Write the data out in full and word for word. Do not include images.

------ Supplied data

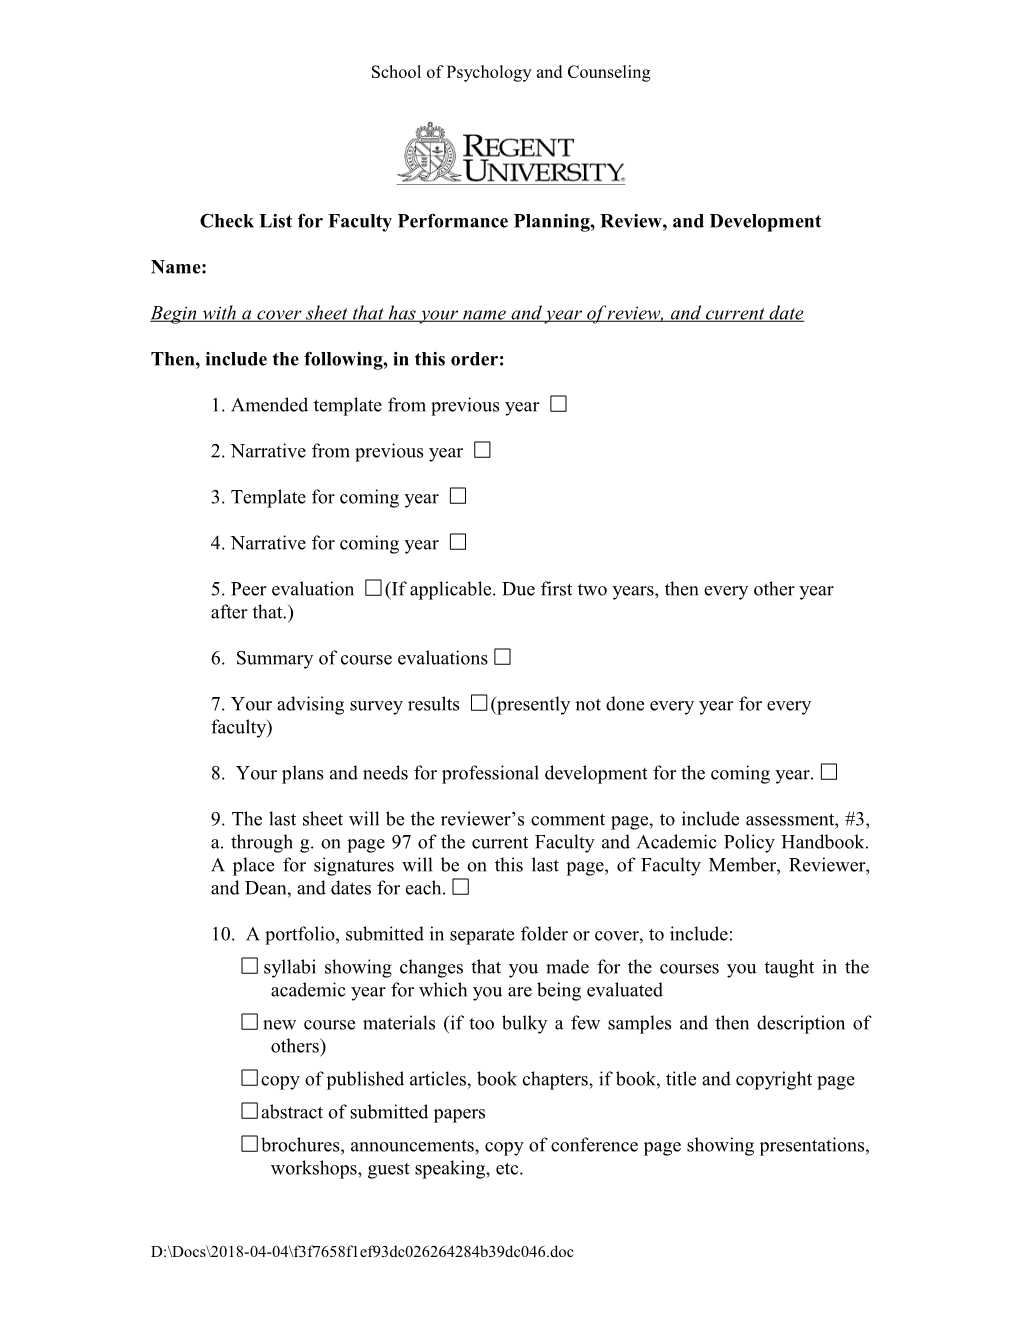 Check Off List for Faculty Performance Planning, Review, and Development
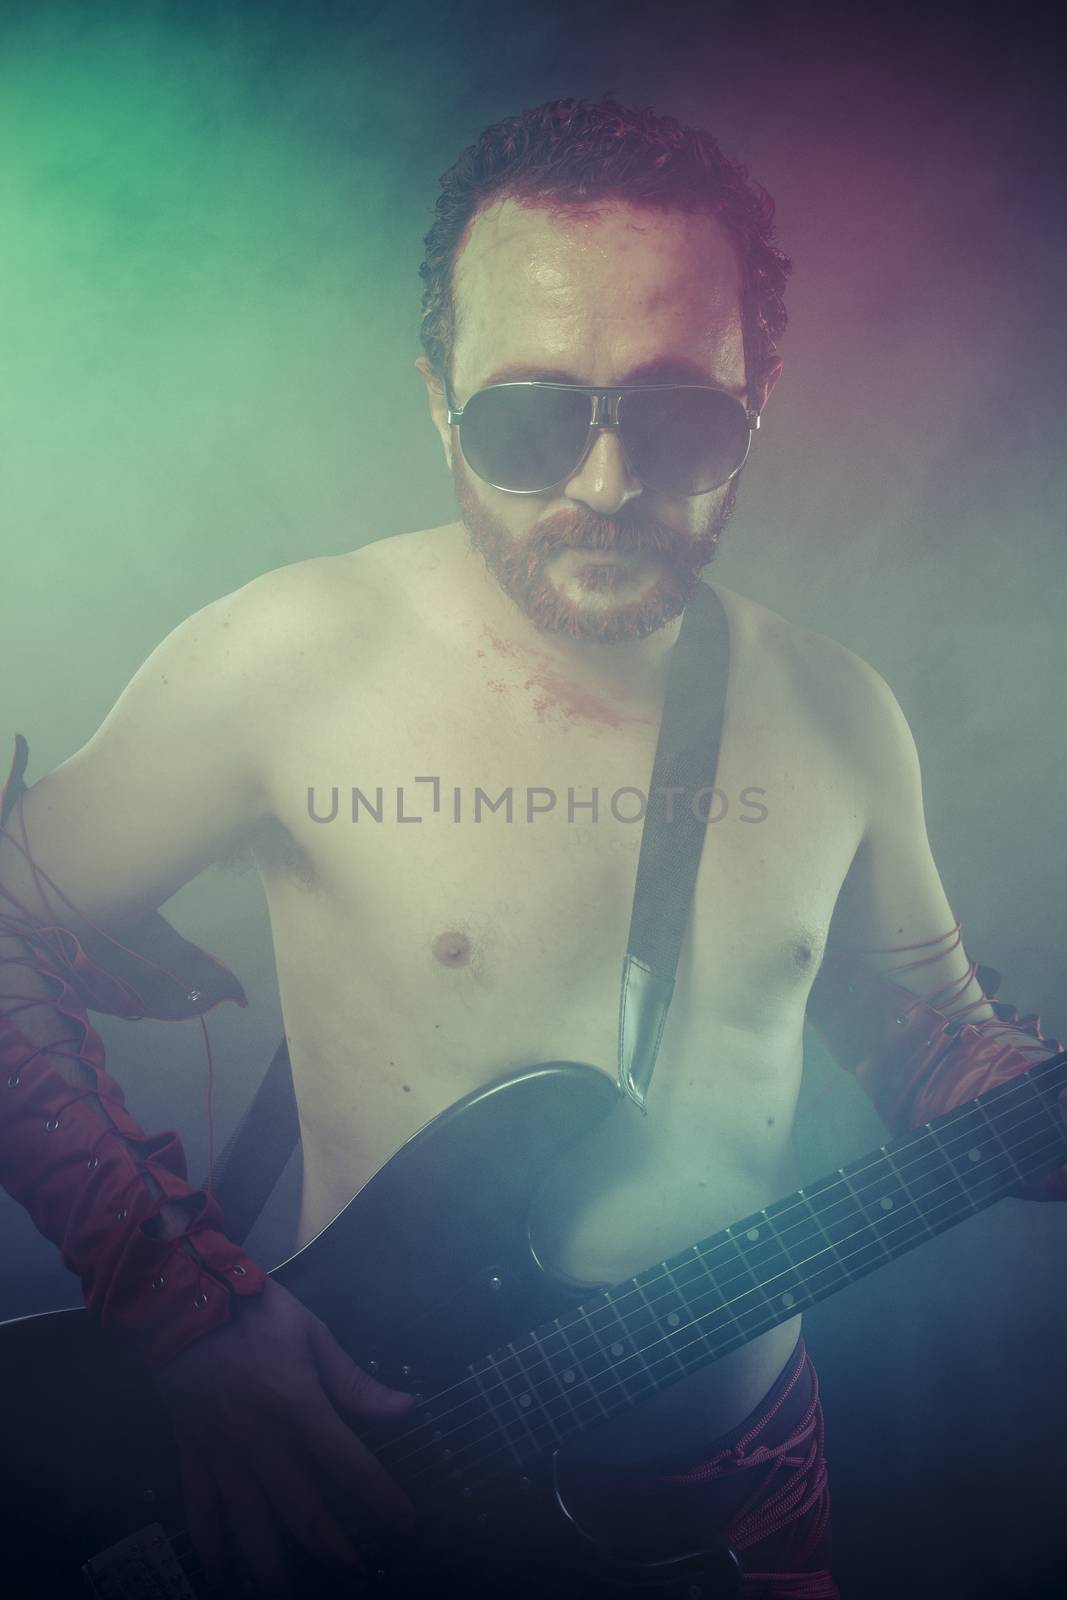 Music, rocker man with electric guitar in a rock concert by FernandoCortes
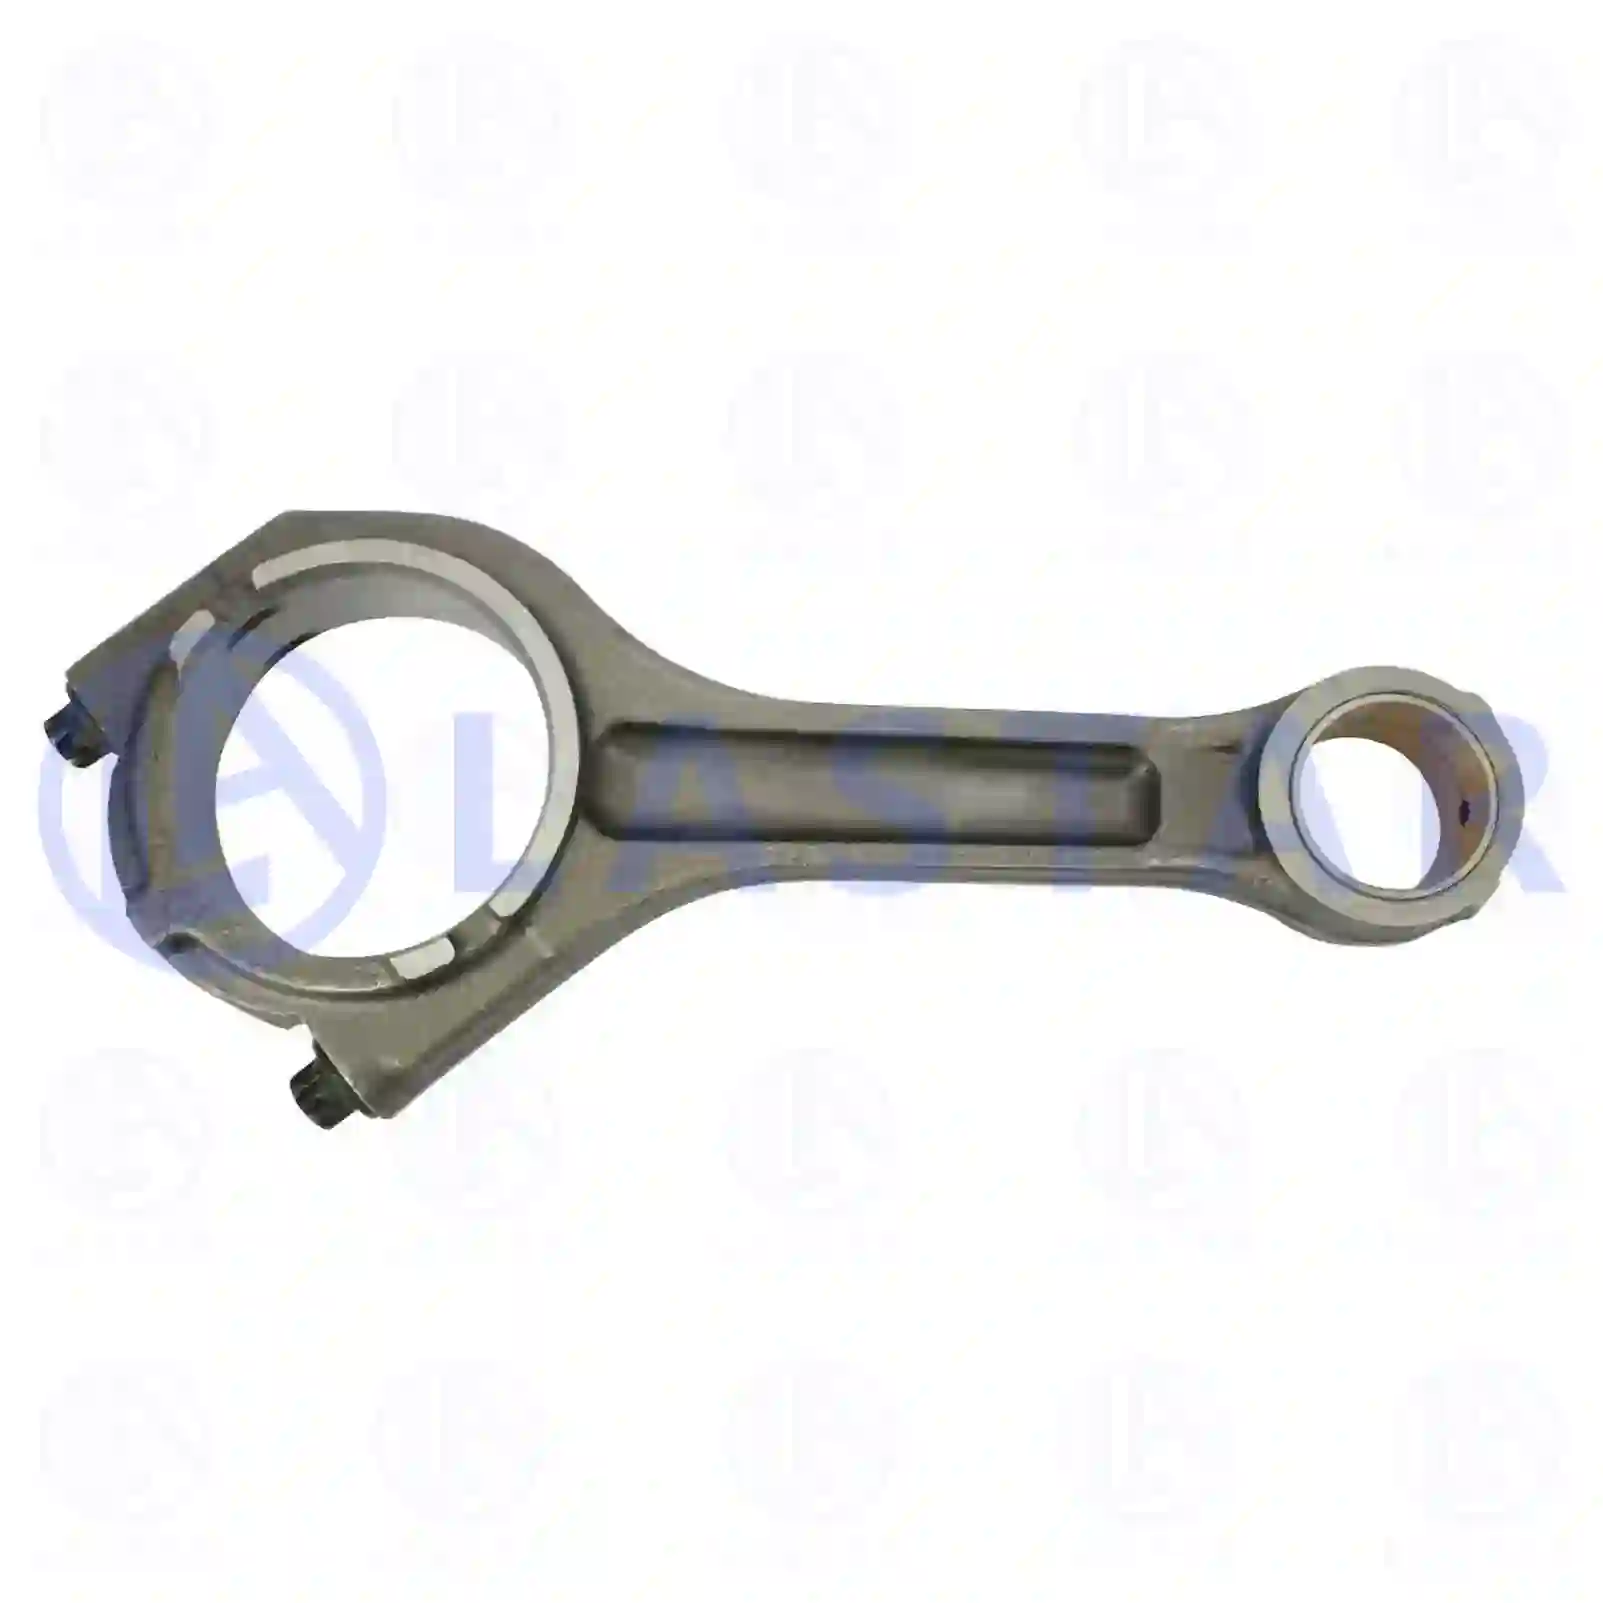 Connecting Rod              Connecting rod, straight head, la no: 77704408 ,  oem no:51024006027, 51024006033, 51024006035, 51024006043, 51024006044, 51024010209, 51024016192 Lastar Spare Part | Truck Spare Parts, Auotomotive Spare Parts

------------

## [Your solution]
 Check Off List for Faculty Performance Planning, Review, and Development
 Music, rocker man with electric guitar in a rock concert by FernandoCortes
 Connecting Rod              Connecting rod, straight head, la no: 77704408 ,  oem no:51024006027, 51024006033, 51024006035, 51024006043, 51024006044, 51024010209, 51024016192 Lastar Spare Part | Truck Spare Parts, Auotomotive Spare Parts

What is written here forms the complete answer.